COVID-19 will eventually be dealt with, and in the world of tomorrow, coworking may yet flourish again as an attractive and affordable business model. For now, though, times are tough and coworking companies, in particular, are facing serious challenges.

Just take a look at how COVID-19 has helped tarnish the already-damaged reputation of WeWork. People are now writing opinion articles in Bloomberg openly calling for WeWork’s investment partners to walk away from the company due to COVID-19.

They cite the fact that COVID-19 has already sparked massive cultural changes and will likely continue to do so; by arguing that the future will be much less tolerant of things such as handshakes, let alone shared workspaces, critics of WeWork are asserting that now is the time to permanently abandon the company.
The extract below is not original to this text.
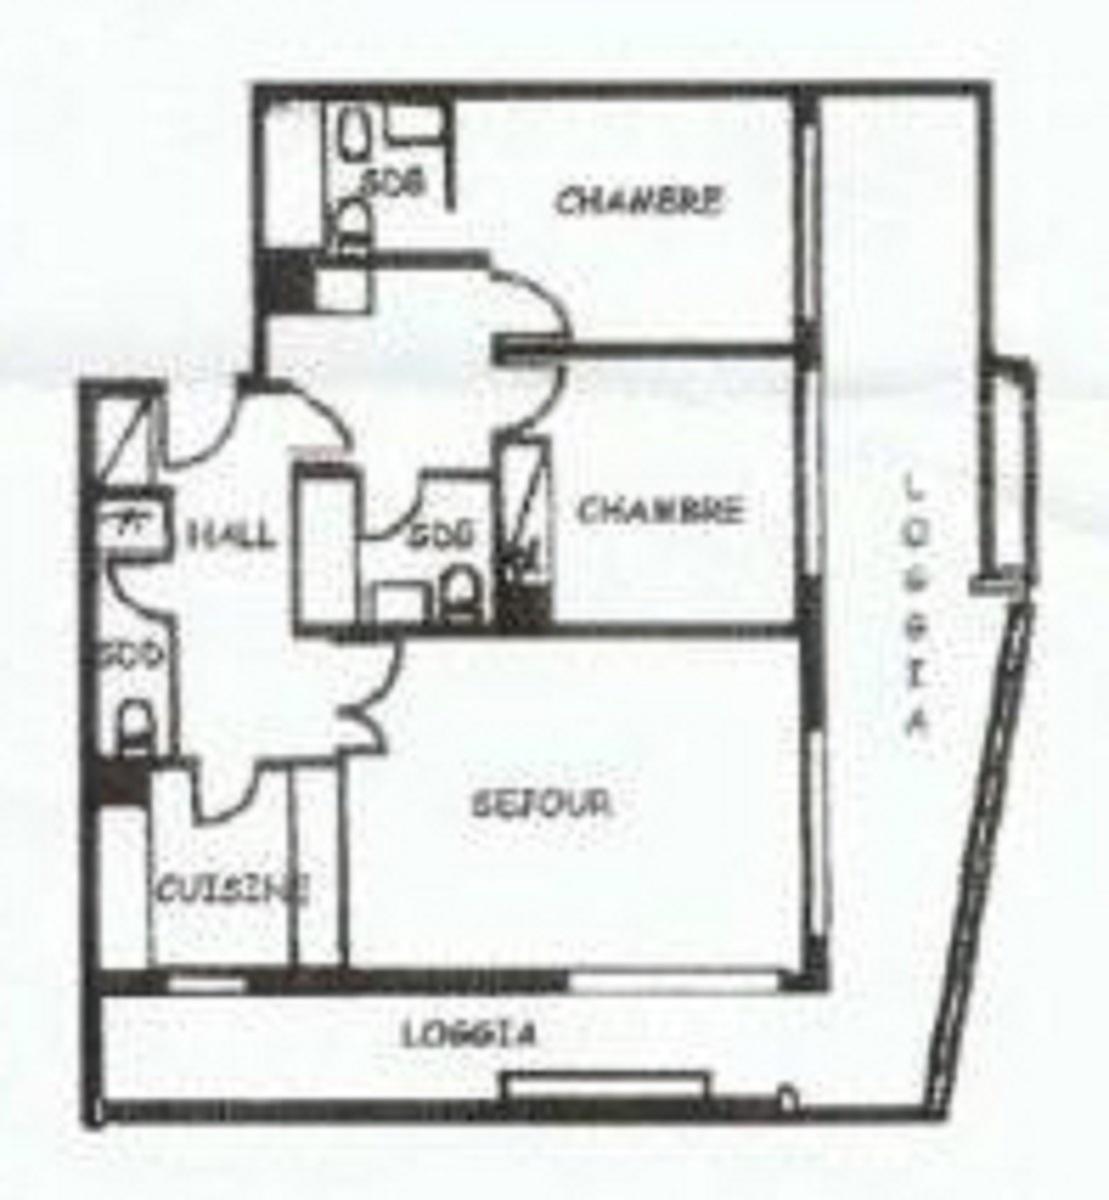 location acanthes 3 pi ces usage mixte carre d 39 or monaco monte carlo. Black Bedroom Furniture Sets. Home Design Ideas

Chances are, many investors will agree with them.

WeWork is just one company, though, and can’t monopolise the entirety of the coworking industry no matter how hard it tries to do so. Alternative reasons that COVID-19 may not be the end of coworking are still worth entertaining, at least for now. 

Digital workspaces can’t last forever

There are few reasons to believe that the ongoing digitisation and remotisation of our workplaces will last forever. Many people enjoy working from home, after all, but countless others require the social presence of others to remain on-track.

Some things simply can’t be done remotely or with digital assistance, either, and the economy can’t perpetually shut down in its entirety.

Also Read: [In Photos] Coworking space Kolega brings digital startup hub to Tokopedia Tower, launching a new networking spot

This is simply to say that self-isolation and quarantine measures won’t be permanent and that coworking arrangements could yet thrive when the economy re-opens. 

Regardless of whether coworking makes a comeback, we are likely to see an increase in flexible workspace solutions.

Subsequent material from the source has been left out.